С главным дирижером Академического оперного театра, заслуженным деятелем искусств Кареном Дургаряном легко общаться: он удивительно прост, скромен, интеллигентен, не озабочен рекламой собственного творчества, что выгодно отличает его от других служителей муз. И главное, спокойно относится к критике в свой адрес. Все это в высшей степени помогает общению с ним, хотя в особой словоохотливости обвинить его трудно. Но когда разговор входит в сферу его интересов, затрагивает близкую ему колею, он — несравненный собеседник.

— Карен, у меня в памяти ваши концерты в качестве дирижера Филармонического оркестра. В чем, на ваш взгляд, отличие симфонического дирижера от оперного?
— Лично для меня особой разницы не существует. Дирижером я считаю того, кто хорошо исполняет свою работу. Хотя, конечно, в театре дирижер в ответе за все. На суд зрителей он выносит работу огромного коллектива — не только оркестра, но и хора, солистов, сценографа, режиссера. К тому же дирижер в театре, следуя замыслу автора, должен создавать идеально комфортные условия для солистов. Это в полной мере касается и балета, надо всегда быть начеку, чтобы при необходимости прийти на помощь сцене. Основная задача театрального дирижера, на мой взгляд, состоит в том, чтобы свести воедино весь исполнительский состав. На плечи дирижера ложится разработка всей музыкальной драматургии спектакля. Я не открою Америки, если скажу, что спектакль хорош только тогда, когда в нем органично соединены все компоненты — музыкальные, актерские, сценографические. Идеальный вариант, когда звучащая музыкальная ткань спектакля захватывает с первой до последней ноты. Если певцы под твердой рукой дирижера чувствуют свою сквозную задачу даже в эпизодических номерах, результат всегда будет хорошим, что, к сожалению, большая редкость. Успех зависит от многих факторов.

— Как вы оцениваете состояние оркестра сегодня? Считаете ли справедливой критику в его адрес?
— Убежден, что наш оркестр сегодня работает с максимальной затратой сил. Мне кажется, что основное здоровое ядро оркестра сохранилось. Он может, уверен, играть первоклассно.

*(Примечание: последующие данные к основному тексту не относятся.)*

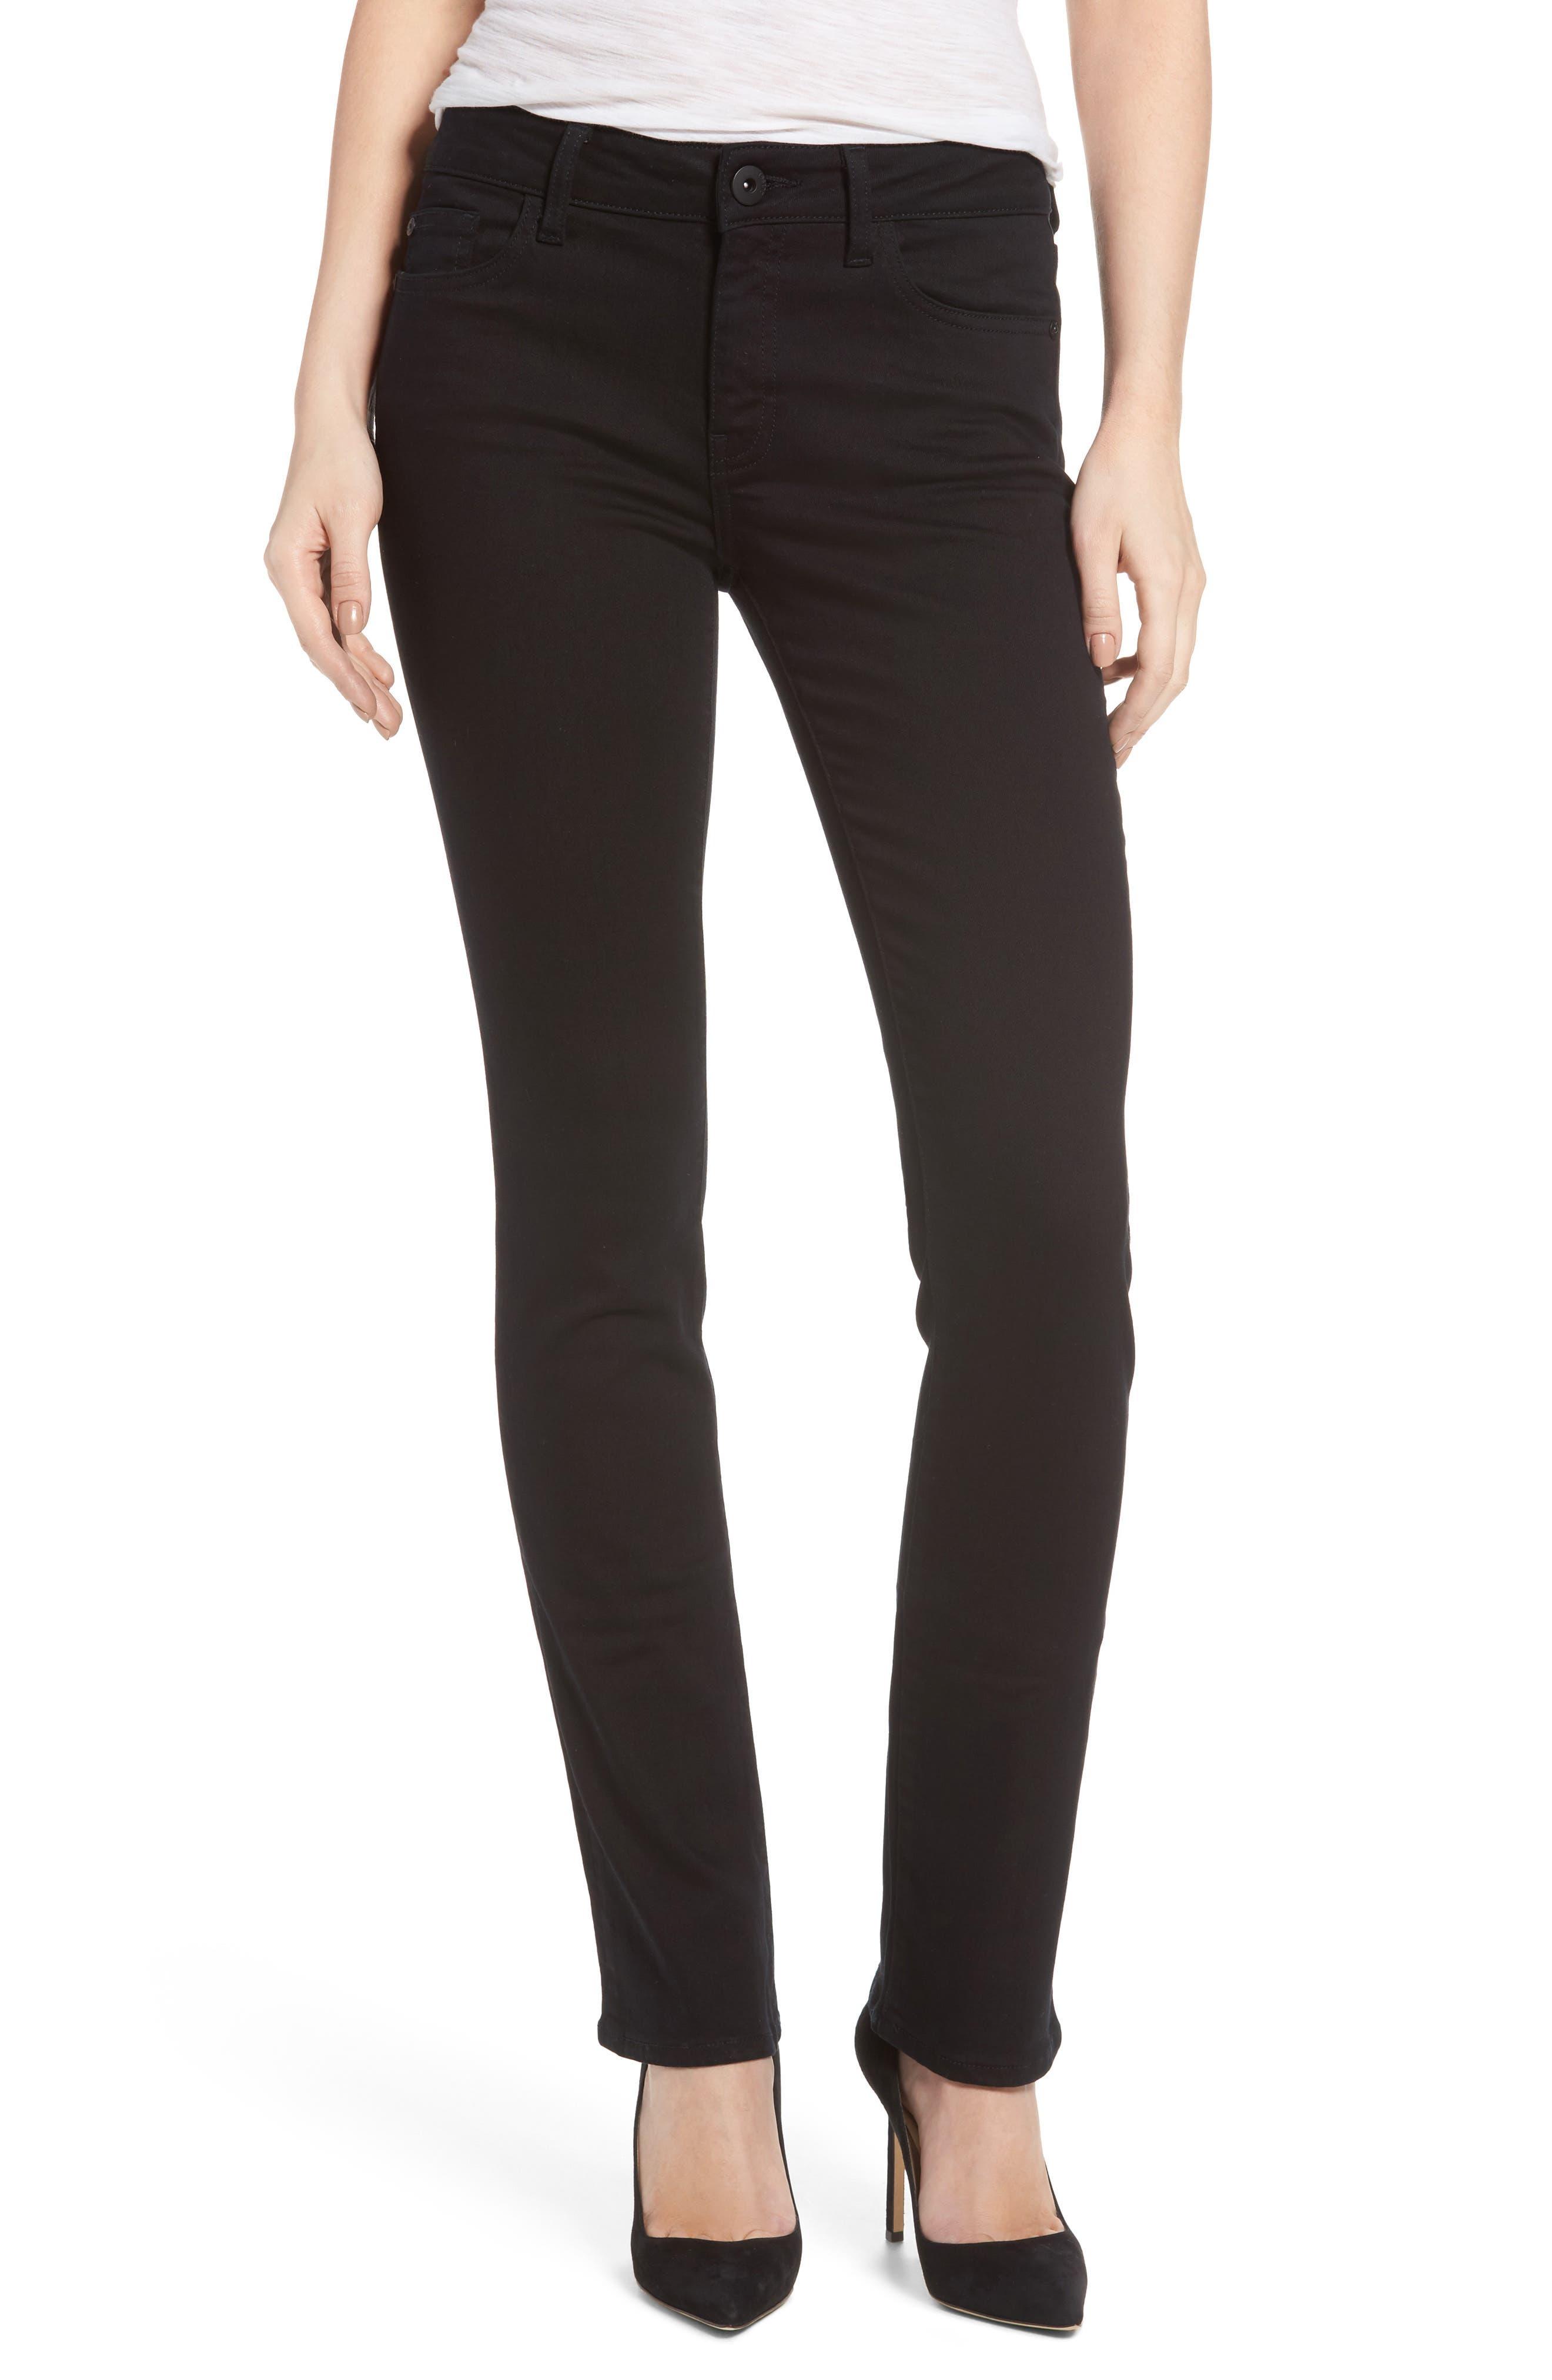 Mara Straight Leg Jeans,                         Main,                         color, Nightwatch

Другое дело, что у нас небольшой репертуар, а это не способствует особому росту. Думаю, сейчас нужно только одно — работать. Оркестр не должен простаивать, каждому оркестранту хочется играть что-то новое, интересное. Поэтому мы играем концерты — «Жар-Птицу», «Весну Священную» Стравинского, много репетируем, чтобы сохранить форму, усилить оркестр. После «Спартака», «Дон Жуана» Моцарта — изумительной оперы (к сожалению, спектакль не совсем удачен), где тончайшая музыка, все на мельчайших деталях, хотелось бы обратиться к балету «Ромео и Джульетта» Прокофьева, где есть сложнейшие партии, которые поднимут уровень оркестра. Только осуществив спектакль, можешь доказать, что оркестр стал играть лучше.

В последние несколько лет оркестр выступал в четырех странах, последние гастроли прошли в Берлине, где, кстати, высоко оценили его игру. Когда слушаешь наш оркестр в качественном зале с нормальной акустикой, поражаешься его звучанию. Просто необходим достойный репертуар. А между тем ощущается нехватка репетиционного зала. Беспокоит также наличие клуба рядом с оперным залом. Этого не может быть ни в каком городе мира. Там совсем иное отношение к оперному искусству. Конечно, у нас есть проблемы в оркестре: ощущается недостаток гобоистов, фаготистов. Вот мой первый фаготист играет и в оперном театре, и в филармонии. Эту проблему надо решать только совместными усилиями. Можно же сделать так, чтобы класс фагота в консерватории для пользы дела, в виде исключения в этом году был бы бесплатным, чтобы ребята, у которых нет денег, пошли на эти места. А сейчас, допустим, у меня репетиция, а мой первый фаготист занят в Филармоническом оркестре. Это проблема…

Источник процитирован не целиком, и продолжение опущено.